Бросаю на Леру короткий косой взгляд и вижу, что она, закусив нижнюю губу, прячет улыбку. Ликует, стерва.
Вылетаю в коридор и чуть не сношу Рана, который, как всегда, опаздывает и только-только тащит свою тушу на собрание.
— Воу! Куда газуешь? — едва успевает отскочить в сторону.
— Домой.
— А че случилось-то? — меняет направление и идет за мной. — Дай угадаю, опять Лера довела?
Застываю на месте как вкопанный. Это что, так очевидно?
— Почему сразу Лера? — оборачиваюсь.
— Не знаю… Ты в последнее время из-за нее сам не свой. Дергаешься, рычишь на всех, — друг смотрит на меня с любопытством. — Че, кроет, да?
— Заткни пасть, — разочарованно отмахиваюсь и продолжаю путь.
У меня нет сил ни обсуждать Грановскую, ни думать о ней. Заманала, зараза. Аж тошно.
— А я говорил, братан, тебе надо ее трахнуть, — прилетает вслед. — Тогда мигом полегчает.
Не оборачиваясь, поднимаю в воздух средний палец. Пусть катится к черту со своими тупыми советами.
— Не борзей, Алаев, — слышу, что смеется. — Я ведь тебе твой фак и в жопу могу засунуть.
— Попробуй, рискни здоровьем, — огрызаюсь беззлобно.
На том и расходимся.
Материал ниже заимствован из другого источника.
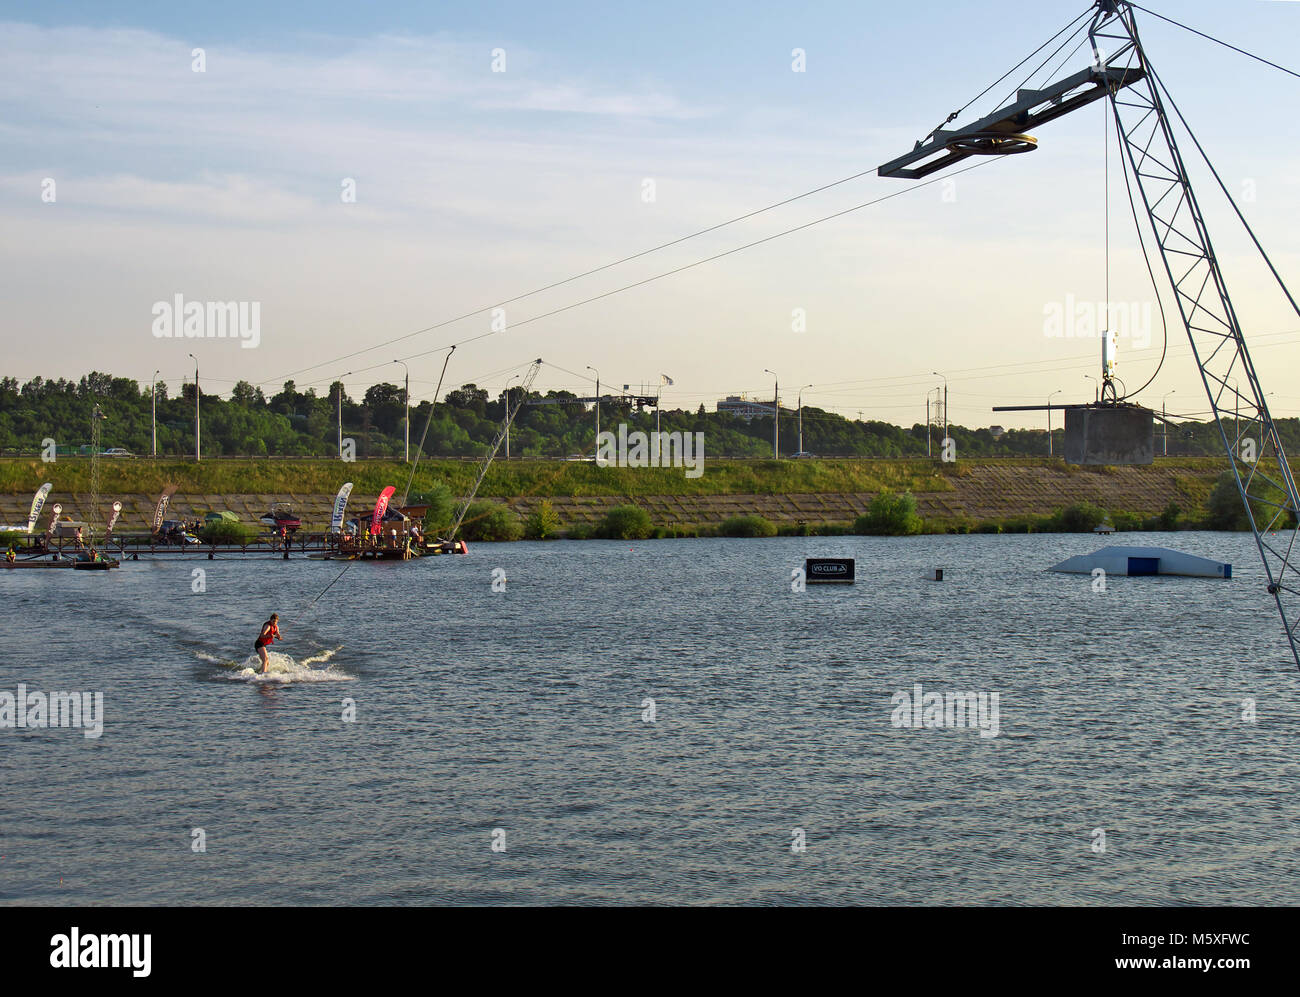 Kaluga, Russia - July 12, 2014: Fragment of river Oka in Kaluga, equipped with devices for wakeboarding Stock Photo

Ран, похоже, все-таки решает посетить собрание, ну а я сажусь в тачку и без особой цели даю по газам. Барахтаюсь в собственных мыслях и еду, куда глаза глядят. Кручу баранку на автомате, без подключения мозга. Моими действиями руководит исключительно подсознание, поэтому я почти не удивляюсь, когда спустя час капот Ламбо упирается в ворота кладбища.
Того самого, на котором похоронена мама.
Я не скажу, что бываю здесь часто, но периодически наведываюсь. Особенно, когда на душе паршиво. Погрустить. Помолчать. Подумать о своем.
Помнится, когда маму хоронили, я почти не чувствовал боли. Эмоции притупились, на слезы не было сил. Я шел в рядах пафосной траурной процессии и ощущал себя до предела опустошенным. Прямо на физическом уровне, будто из меня вытащили не только сердце, но и кишки, и легкие, и селезенку… Возможно, это прозвучит как бред, но тогда мне реально казалось, что у меня под кожей ледяная пустота и там завывает холодный ветер. Хреновое было чувство. Странное и горькое.
Похороны матери оставили внутри неприятный мутный осадок, потому что отец превратил это событие в дешевое трагикомедийное шоу. Раскошелился на золотой гроб, позвал кучу народу, театрально изображал безутешного вдовца. А затем, наспех помянув усопшую, нырнул на заднее сиденье своего Роллс Ройса и умотал куда-то. Подозреваю, что к Елизавете. Наверное, хотел залечить раны души целительным трахом.
Поставив машину на сигналку, захожу на территорию кладбища и неспешно бреду вдоль надгробий. В это время дня здесь почти никого, тихо и спокойно. Мама похоронена в красивом уединенном месте, под небольшой ивой. Над ее могилой пока только крест, памятник поставят позже.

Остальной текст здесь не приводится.